Je weiter sie nun laufen, desto prunkvoller wird die Stadt. Geblendet von der Pracht und dem Überfluss vergessen sie allmählich des Dorfes Elend. Die angeekelten Gesichter derer, die noch keine Tüte über dem Kopf haben, zeigen ihnen allerdings, dass sie weder jetzt, noch in Zukunft willkommen sind oder sein werden. Als sich ihre Augen langsam an den Glanz gewöhnt haben, sehen sie, einige Meter vor sich, ein kleines und heruntergekommenes Bordell. Die Rose gähnt und signalisiert damit, dass es an der Zeit ist einzuschlafen, sowie die Zweifel, welche sie noch plagen, abzulegen. Zwar sind der Kopf und das Herz der Puppe strikt dagegen, doch leider werden beide für diese Entscheidung nicht gebraucht. Also nickt sie zustimmend und betritt das Etablissement. Hier bietet sich unseren beiden Freunden ein skurriler Anblick. Auf einem hölzernen, alten Stuhl, der zusammen zu brechen droht, sitzt ein uralter, fadendünner Mann, auf dessen Schoß wiederum drei bildhübsche Frauen sitzen. Er versucht sie krampfhaft festzuhalten und bohrt seine dünnen, knochigen Finger in ihre Schenkel. Zu seiner Linken steht eine fette, ja beinahe aufgedunsene Frau, die vorsichtig um ihn herumschleicht und immer wieder versucht die Mädchen aus seinen Fängen zu befreien. Dabei keucht sie, als sei sie gerade einen Marathon gerannt.

In der hintersten Ecke des Raumes, liegt, auf einem samtenem Sofa, ein weiter Mann, der von circa 40 jungen Damen gestreichelt und liebkost wird. Er trinkt ein Glas Wein nach dem Anderen und wird mit feinsten Speisen gefüttert. „Wa...soll da...?“ ,versucht die Puppe zu fragen, doch es kommen nur Fetzen aus ihrem Mund. „Was soll das?“, fragt sie ein weiteres mal und diesmal mit Erfolg.

„Nun...“, meldet sich die dicke Frau zu Wort. „Deine Worte sind jetzt meine. Sei froh, dass ich nicht alle genommen hab!“ Verdutzt steht die Puppe in der Gegend herum und schaut sich das Chaos an. Die Frau und der Mann im Stuhl zerreißen die Mädchen fast, bei dem Versuch sie zu sich zu holen oder eben bei sich zu behalten.
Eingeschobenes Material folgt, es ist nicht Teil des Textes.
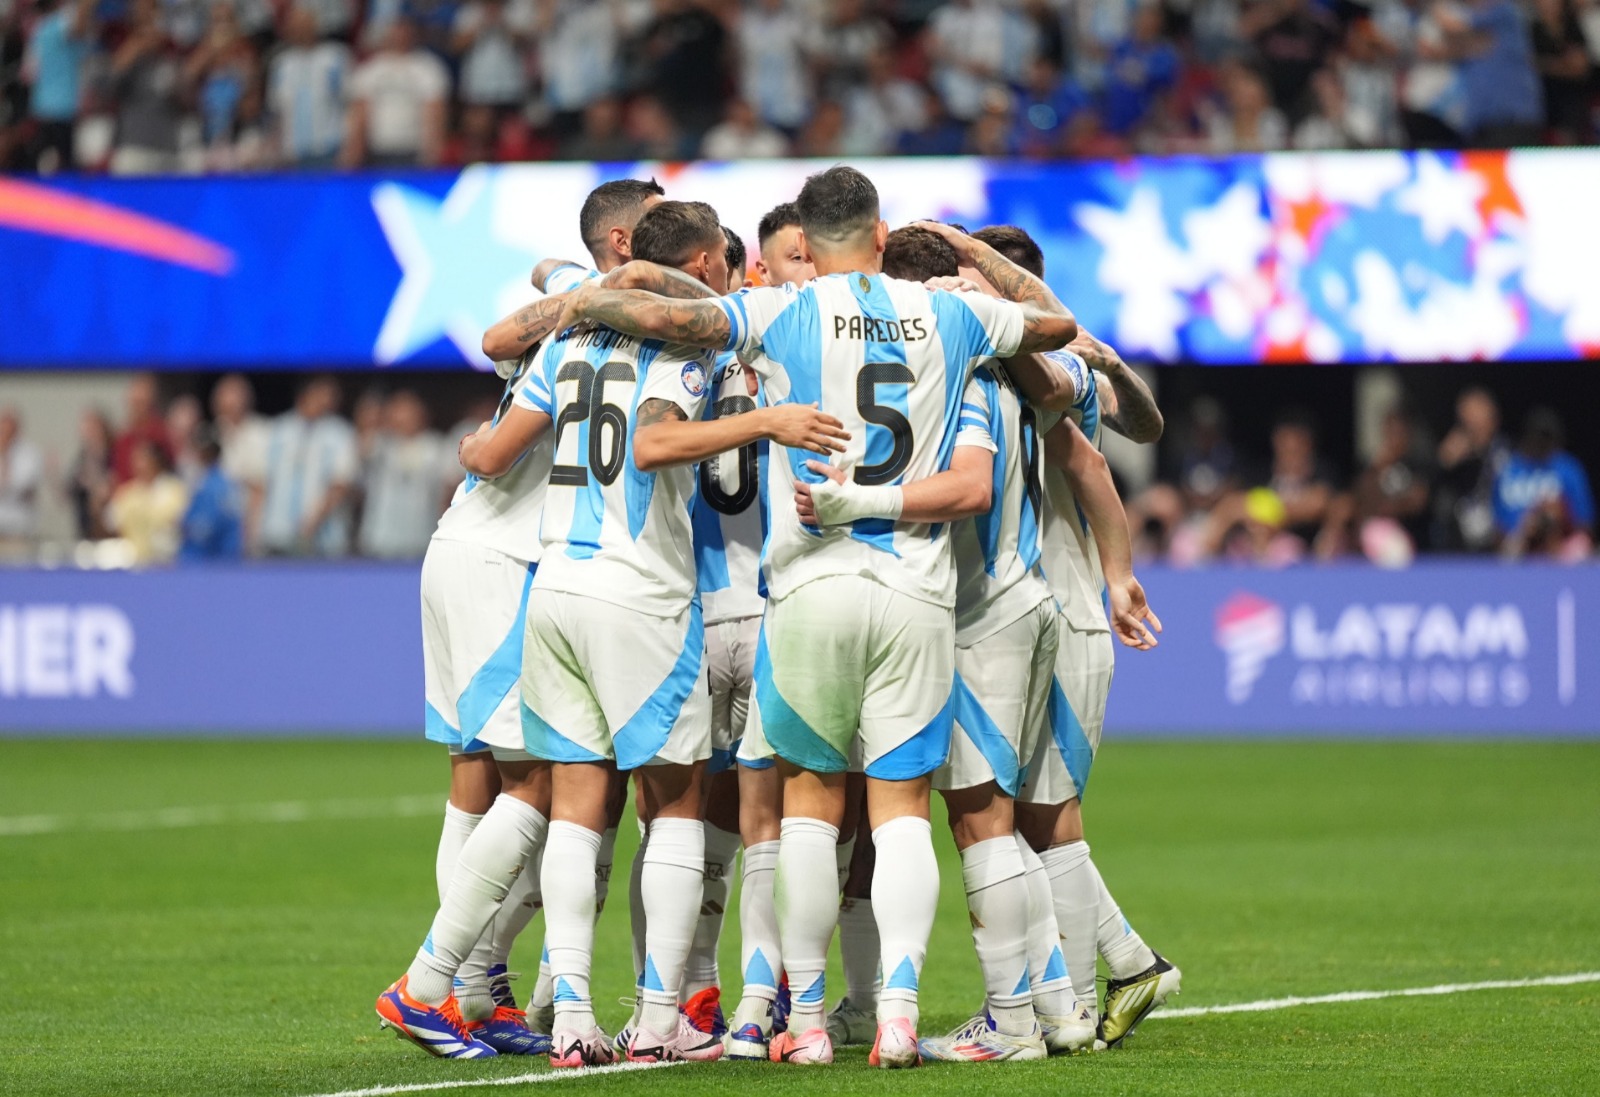 La Selección argentina arrancó la defensa del título con un triunfo ante un duro escollo como se presentó Canadá.

Auf den Hinweis der Rose, dass man doch teilen könne, antwortet der fast zweidimensionale Greis: „Nicht genug... mehr haben!“ und wendet sich danach wieder der Frau zu.

Als drittes spricht nun auch der Mann im Sofa zur Puppe: „Glaub mir, ich würde mich ja einmischen, aber es ist zwecklos. Etliche Male hab ich es probiert, doch da geht eher ein Kamel durchs Nadelöhr, als dass sich diese beiden Verrückten endlich einig werden. Ich bekomme selten Besuch und eine tanzende Schaufensterpuppe hab ich auch noch nie gesehen. Sag, ist die Rose in deiner Hand wirklich aus Glas, oder täuscht mich mein Blick. Naja, ungewöhnlich wäre es nicht, bin ja auch nicht mehr der Jüngste und da kann es durchaus mal vorkommen, dass....
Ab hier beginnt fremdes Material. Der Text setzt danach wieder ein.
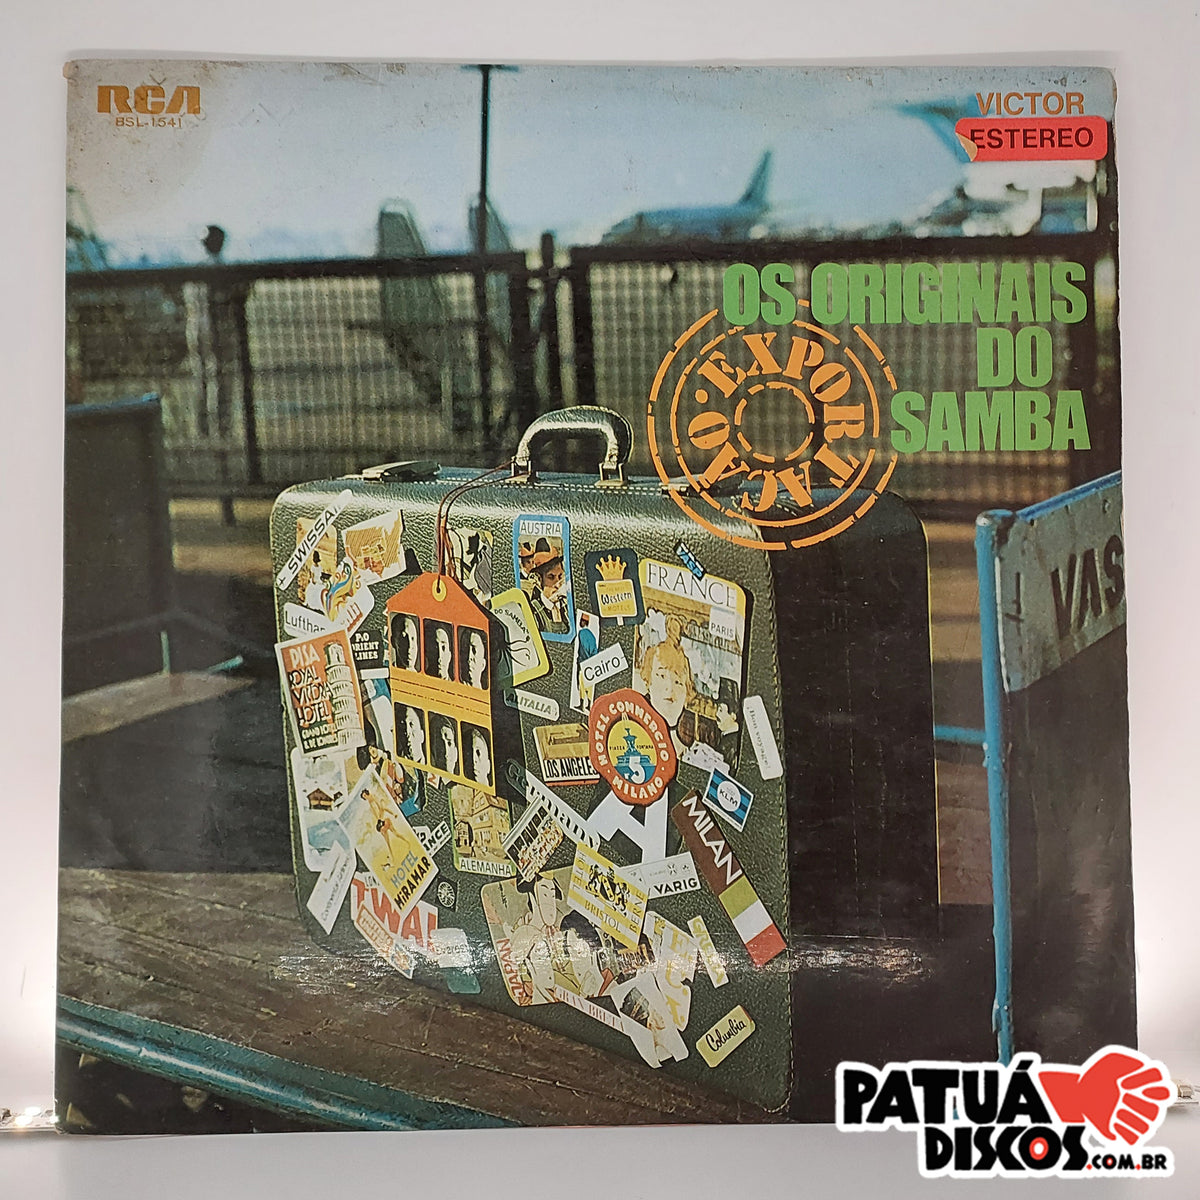 Os Originais Do Samba: albums, songs, playlists

Die Puppe aber hört nicht weiter hin und läuft, so schnell es geht, durch die Tür nach draußen.

Weit kommt sie allerdings nicht, denn direkt vor dem Eingang des Bordells schwebt ein sehr gepflegter grauer Anzug, mit professionell gebundener Krawatte, auf sie zu. Dieser erklärt der Rose und der Puppe, dass sie hier nur Unruhe stiften und deshalb leider zeitnah gehen müssen. Anschließend entfernt er sich wieder von ihnen und alle Menschen um ihn herum, alle Tütenköpfe, die fette Frau, der verwöhnte Mann und der fadendünne Greis bilden eine scheinbar endlos lange Schlange und folgen ihm vergnügt im Stechschritt.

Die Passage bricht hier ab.